## Work to be completed:
Using the listing below, set down each line from the line containing "Charleston Floral Black" through the line containing "projekt landegger, mischtechnik, öl", both ends included, exactly and with nothing added.

★ ★ ★ ★

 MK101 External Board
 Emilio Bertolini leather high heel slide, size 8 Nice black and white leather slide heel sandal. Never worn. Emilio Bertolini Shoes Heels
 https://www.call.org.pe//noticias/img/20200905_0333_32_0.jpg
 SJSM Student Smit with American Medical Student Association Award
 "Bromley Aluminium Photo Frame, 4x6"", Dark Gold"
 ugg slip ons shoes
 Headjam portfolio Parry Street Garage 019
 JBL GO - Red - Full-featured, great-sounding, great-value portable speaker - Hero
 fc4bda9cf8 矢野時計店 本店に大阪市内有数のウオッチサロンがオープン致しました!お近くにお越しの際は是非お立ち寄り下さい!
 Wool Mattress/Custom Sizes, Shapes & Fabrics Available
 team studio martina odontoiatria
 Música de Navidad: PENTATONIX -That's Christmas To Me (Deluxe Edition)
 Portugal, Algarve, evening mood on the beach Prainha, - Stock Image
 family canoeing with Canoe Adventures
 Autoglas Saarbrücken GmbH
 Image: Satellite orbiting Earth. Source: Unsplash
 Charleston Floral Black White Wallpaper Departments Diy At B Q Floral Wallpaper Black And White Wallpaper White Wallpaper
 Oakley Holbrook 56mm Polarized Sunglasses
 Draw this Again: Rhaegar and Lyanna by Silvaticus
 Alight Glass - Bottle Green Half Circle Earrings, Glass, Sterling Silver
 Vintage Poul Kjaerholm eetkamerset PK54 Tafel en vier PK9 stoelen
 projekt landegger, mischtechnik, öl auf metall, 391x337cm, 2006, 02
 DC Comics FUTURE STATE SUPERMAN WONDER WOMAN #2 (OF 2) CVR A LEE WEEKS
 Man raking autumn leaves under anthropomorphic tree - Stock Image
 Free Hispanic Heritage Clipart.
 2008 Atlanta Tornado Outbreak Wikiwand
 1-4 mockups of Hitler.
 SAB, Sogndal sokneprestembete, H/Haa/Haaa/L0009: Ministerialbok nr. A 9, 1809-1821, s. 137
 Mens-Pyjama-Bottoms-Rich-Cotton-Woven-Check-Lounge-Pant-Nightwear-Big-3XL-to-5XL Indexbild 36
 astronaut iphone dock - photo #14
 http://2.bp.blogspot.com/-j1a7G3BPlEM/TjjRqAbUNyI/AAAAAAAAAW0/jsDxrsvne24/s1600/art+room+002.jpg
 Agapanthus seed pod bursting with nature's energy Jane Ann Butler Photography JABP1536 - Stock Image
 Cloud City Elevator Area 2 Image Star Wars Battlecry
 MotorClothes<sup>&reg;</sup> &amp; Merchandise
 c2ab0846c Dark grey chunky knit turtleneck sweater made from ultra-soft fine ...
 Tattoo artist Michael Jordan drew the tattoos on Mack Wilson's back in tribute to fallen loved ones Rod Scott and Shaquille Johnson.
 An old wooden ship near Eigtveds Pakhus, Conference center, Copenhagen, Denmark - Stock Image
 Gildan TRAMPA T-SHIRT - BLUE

★ ★ ★ ★

## Task output:
 Charleston Floral Black White Wallpaper Departments Diy At B Q Floral Wallpaper Black And White Wallpaper White Wallpaper
 Oakley Holbrook 56mm Polarized Sunglasses
 Draw this Again: Rhaegar and Lyanna by Silvaticus
 Alight Glass - Bottle Green Half Circle Earrings, Glass, Sterling Silver
 Vintage Poul Kjaerholm eetkamerset PK54 Tafel en vier PK9 stoelen
 projekt landegger, mischtechnik, öl auf metall, 391x337cm, 2006, 02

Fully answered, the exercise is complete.